In these inflationary times, it's awfully hard for younger members of your family to get started with a new home or a new business.

You can help your children or grandchildren by giving them propertyy or even by lending them money to buy it.

You can lend some member of your family the money for a down payment on a home interest free. By making it a "demand" note (payable on your demand), the tax collectors won't hit you with a gift tax if you go over the $3,000 annual limit ($6,000 for a married couple.

Warning: Some state laws might put a time limitation on demand loans, allowing the right to sue for the money.

If you don't sue, then the tax people could conceivably consider your loan a gift. You can avoid this hassle by waiving the time limitation for the note.
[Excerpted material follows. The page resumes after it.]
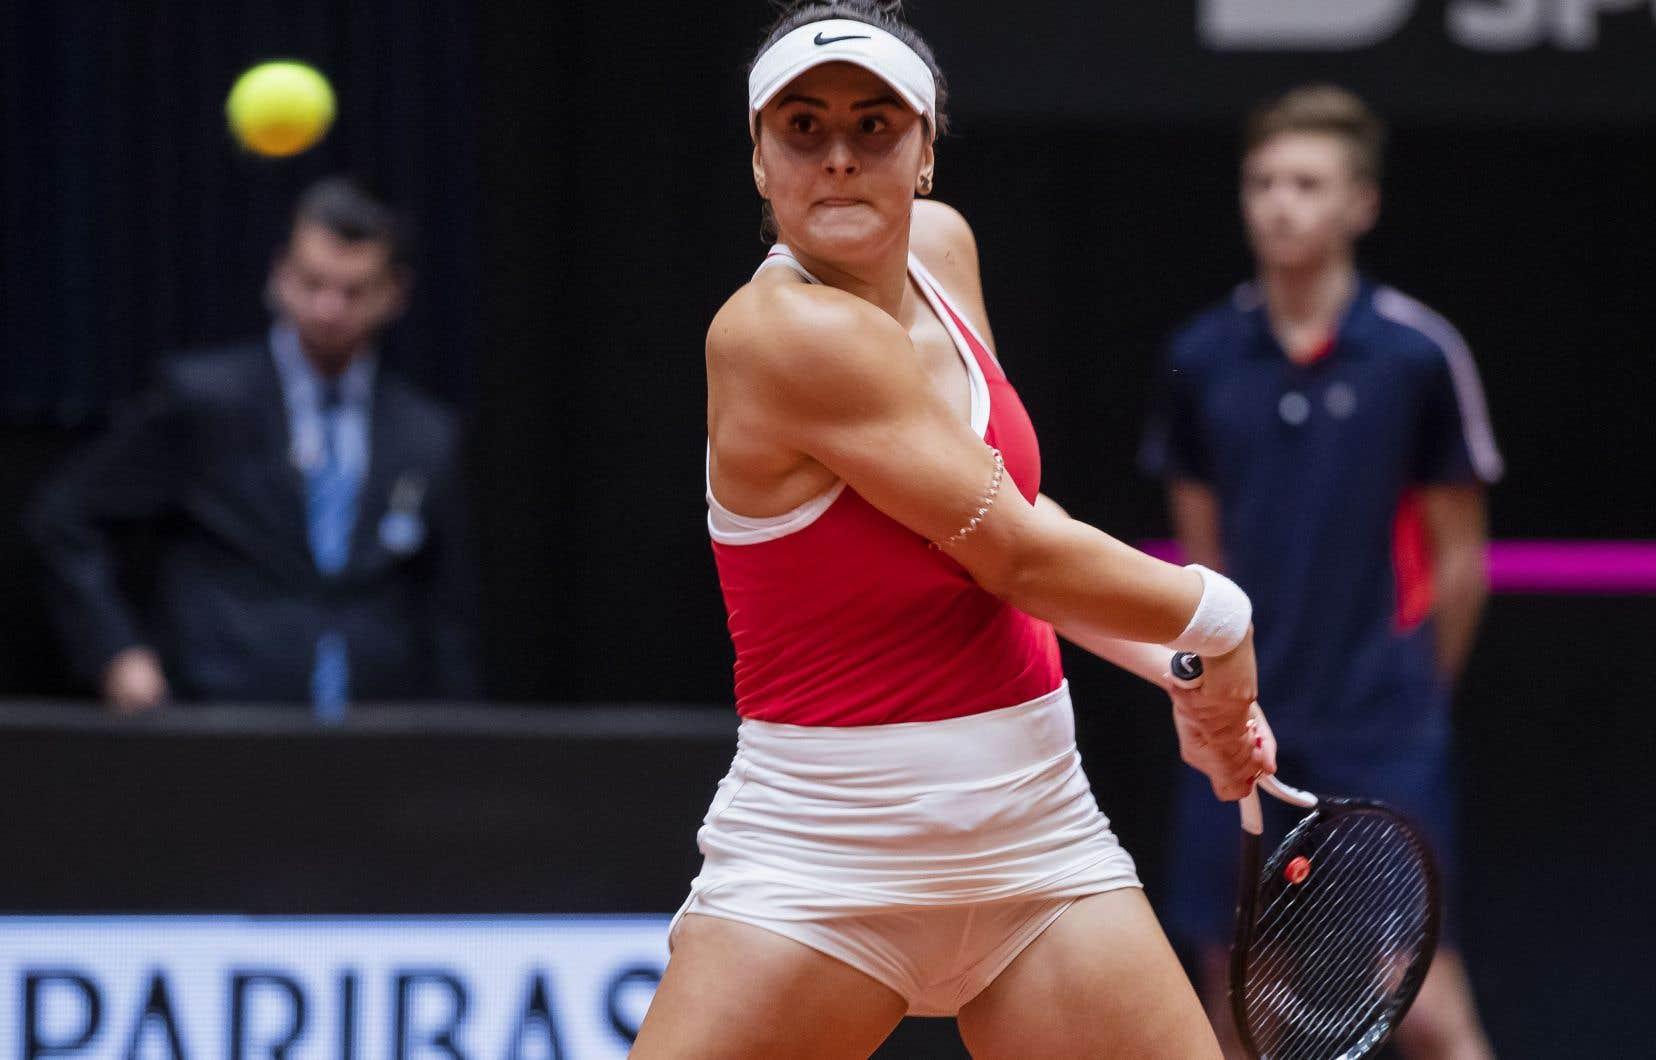 Bianca Andreescu a totalisé 21 coups gagnants contre Hogenkamp, samedi, et sa fiche est désormais de 9-3 à la Fed Cup.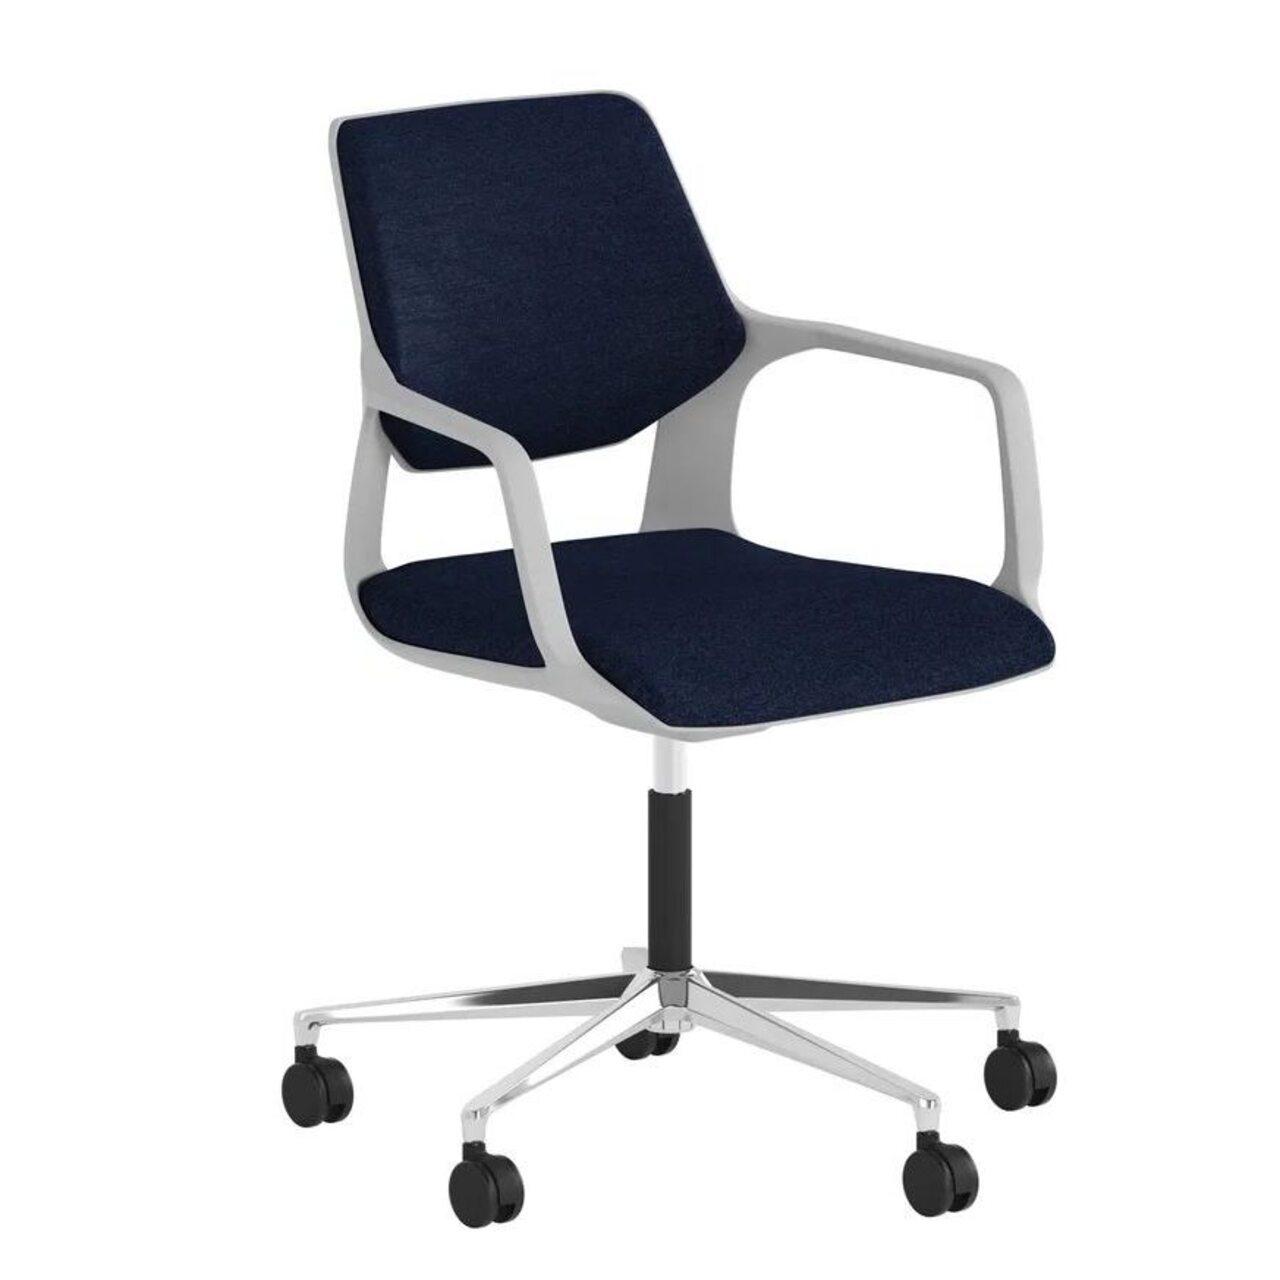 Кресло для персонала Фальконе (низкая спинка) - фото 1

You can also buy a small house or condominium apartment for some younger member of your family and lease it back. Part of the rent you charge can go toward building up a fund to cover the down payment when the younger family member buys the home back from you.

By working out one of these lease-purchase agreements with the younger family member, you can reap all sorts of tax benefits. And, the younger family member gets started on the road toward home ownership.

These deals can be tricky, so it's a good idea to have a lawyer help work out the contracts.

The Internal Revenue Service recently said it was going to crack down on taxpayers who rented homes to members of their family -- even though they charged fair market rents.

But members of Congress, responding to appeals from constituents, ordered IRS to lay off the family-rental business. In the new session of Congress, you can look for legislation aimed at protecting the right of families to rent property to sons, daughters, grandchildren and parents.

Another good way to help a younger member of your family, and help yourself to some tax savings, is to lend money or invest it in a small business venture. Money paid out to the young enterpreneur would, of course, not be considered a gift, providing it was within reasonable bounds.

Again, bringing a young member of your family into a business partnership or loaning money to a business venture can be tricky. Best have a lawyer draw up the necessary papers.

If, by chance, you have property that has greatly appreciated in value, you might consider giving some of it to your children or grandchildren. When they sell it, they will have to pay a tax on the profit -- but at a lower rate than the one you would have paid.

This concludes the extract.